If the oyster shell remains closed even after you tap it with your finger, if open shells don’t snap shut when you tap them, or if the oysters have a strong smell, they aren’t fit for eating.
The deeper the oyster’s shell, the more meat you’ll be buying, and the smaller the oyster, the more tender and flavorful the meat will be.
How to Store and Prepare Oysters
Bring fresh oysters home as soon as possible and lay them flat on a baking tray. Cover them with a damp towel and store the tray in the refrigerator. The oysters will keep for up to two days this way, but it’s better to cook them the same day you purchase them.
To “shuck” the oyster (or remove it from its shell), first wash it with a stiff brush under cold running tap water. Next, place the oyster on the countertop and hold it so the thin end is pointing toward you and the deepest part of the shell is on the counter.
With your dominant hand, use an oyster knife to pry between the shells at the thin end. Move the blade from side to side to cut the muscle that attaches the oyster to its shell. With a sharp twist, remove the shell, then repeat on the other end of the muscle. Remove the oyster with a fork. You may wish to wear heavy gloves when shucking oysters, to prevent cutting yourself.

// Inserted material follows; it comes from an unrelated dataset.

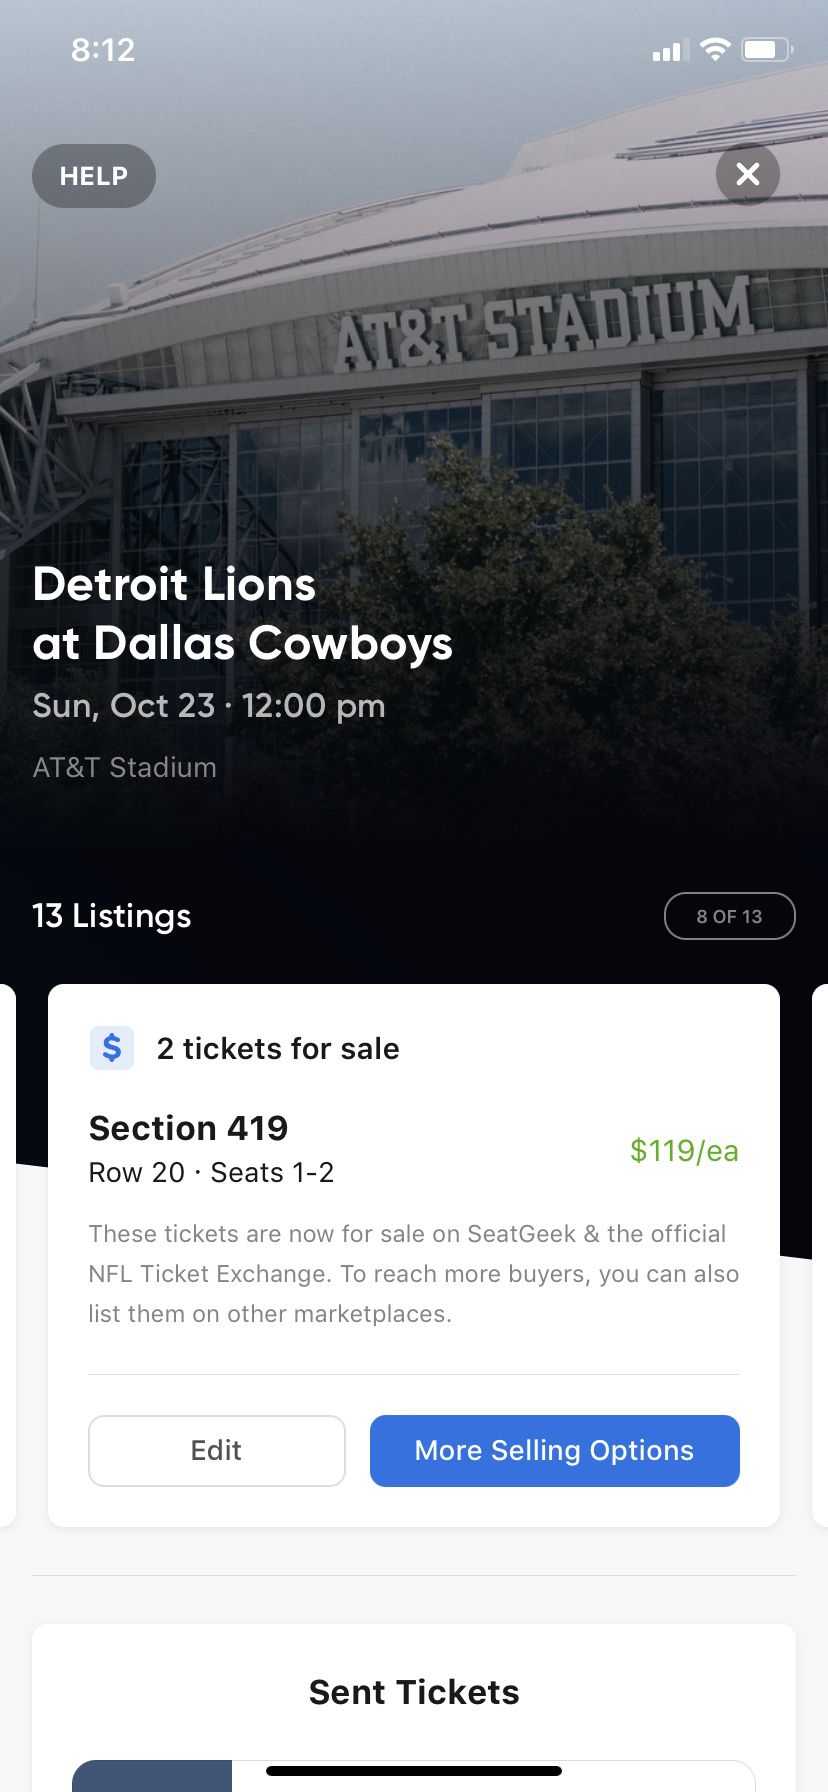 Many Good Options For Detroit Lions @ Dallas Cowboys Tickets & Parking

Alternatively, you can microwave the oyster for about 20 seconds, which kills the shellfish and makes its shell easy to open. Other methods for making the shell easier to pry open include freezing the oyster in its shell for about 20 minutes, then letting it come to room temperature, or steaming the oysters for about 10 seconds.
How to Cook Oysters
Oyster aficionados often claim oyster is best eaten simply, with a little lemon juice or horseradish on the side. You can make a tasteful oyster sauce by mixing a half cup each of tarragon vinegar and red-wine vinegar, plus a tablespoon of minced shallots and a few pinches of pepper.
Or, try one of Our Deer’s oyster recipes.
Just remember not to overcook oysters, or they’ll turn rubbery. When the edges of the meat start curling, they are done.